Why did they do this? It is hard to credit that the reason was that they believed that quoting someone using the word “woman” in this way would be too horribly offensive. Even if they genuinely believe that their preferred language is the more inclusive choice, and that refusing to use it is bigoted, they can’t be unaware that they are, in fact, promoting a change in usage, and that the quote antedates that change. They could easily have quoted Ginsburg accurately, but embedded the quote within a tweet that talked about the rights of abortion in language that they found more inclusive (whatever that language might be). All that would have done was reveal that they were using different language than Ruth Bader Ginsburg herself used, and, might have been seen as implicitly rebuking her. I can’t help but wonder whether that’s ultimately why they didn’t opt to be open in that way: because they aren’t quite ready to tear down a statue that they themselves erected only a few short years ago.
The heart of the matter, though, is that if Ginsburg’s argument is correct, then there needs to be a way, and a word, to describe the class she was concerned to protect from discrimination. If the ACLU knows no such word, they should think hard about what that implies about their ability to defend that class of people’s rights. On the other hand, if they think her argument is incorrect, or merely dated and obsolete, then that in itself is part of the history of feminist jurisprudence that ought to be visible, not obscured.

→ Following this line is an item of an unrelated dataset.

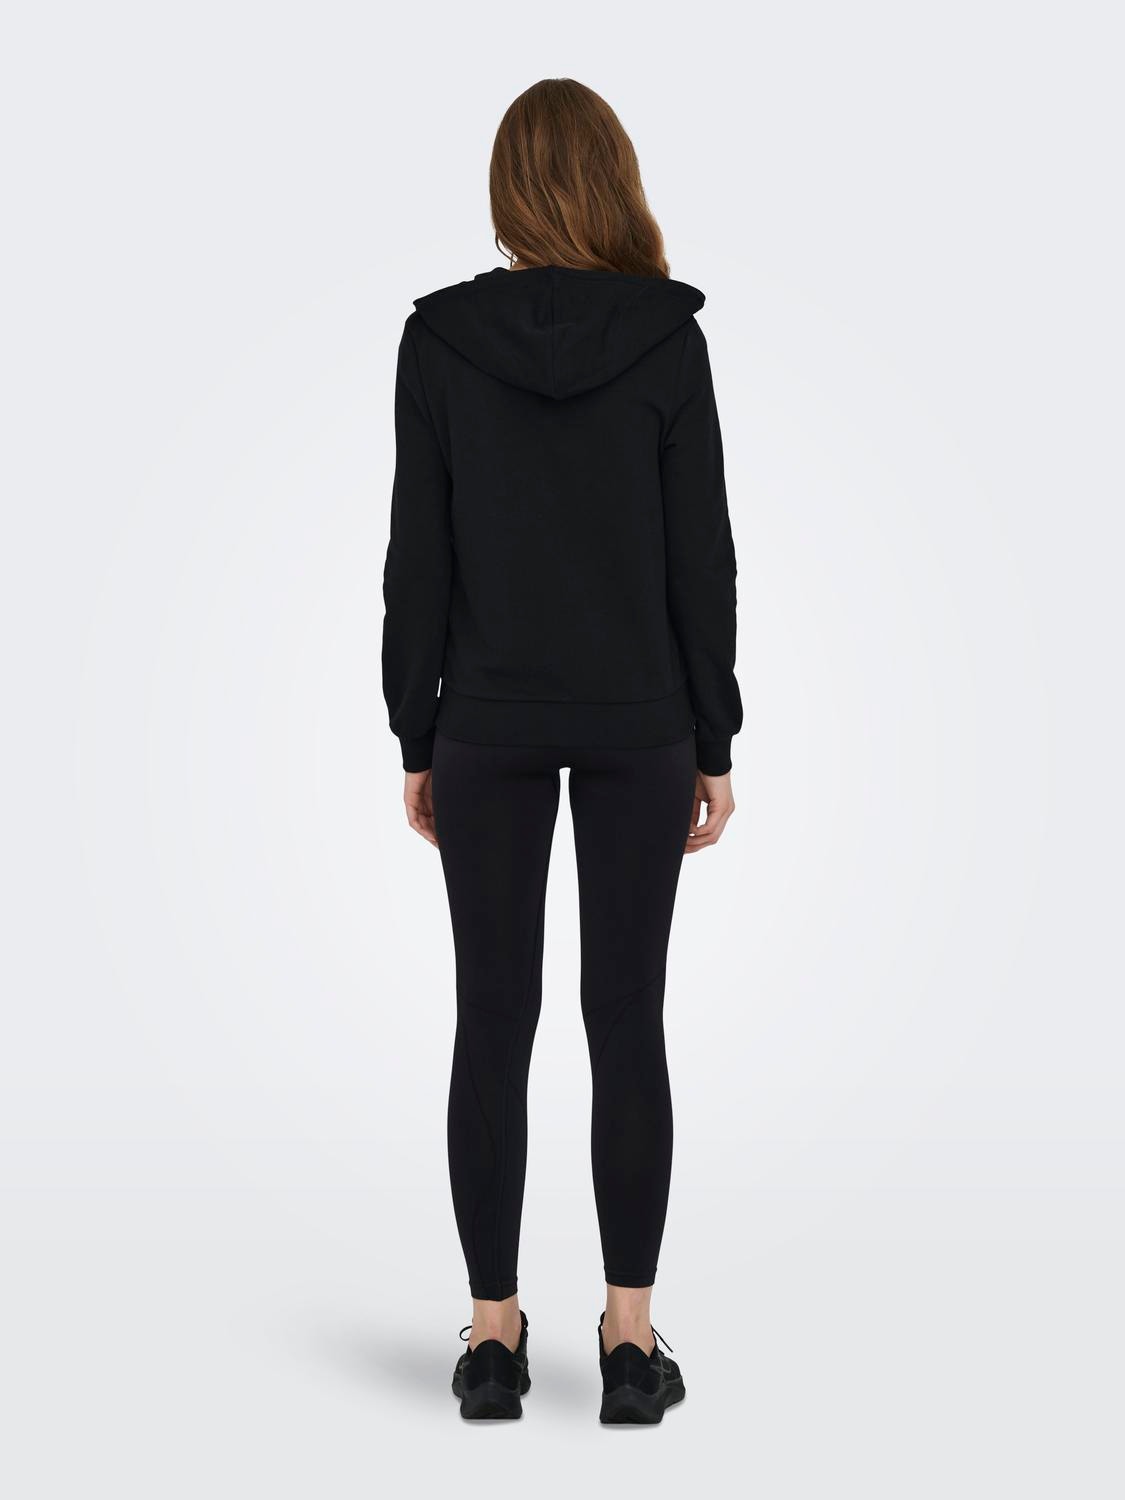 Women Black Zip Up Hoodie: Tall Wearever Full Zip Black Hoodie

Since they did neither, that suggests they view the target audience for their tweets as akin to children to whom they are reading a bedtime story, rather than fully adult human beings responsible for their own choices.
This is the perfect response. Leaving all of the inflammatory gender debate aside, we need to be able to name the group we’re talking about in this context.
Women? Biological women? Uterus owners? Women & trans men & non-binary AFAB?
I have opinions. But whatever term we choose, we need to be able to refer to this class. Making our language so incoherent that it can’t do this basic, essential thing is not going to work.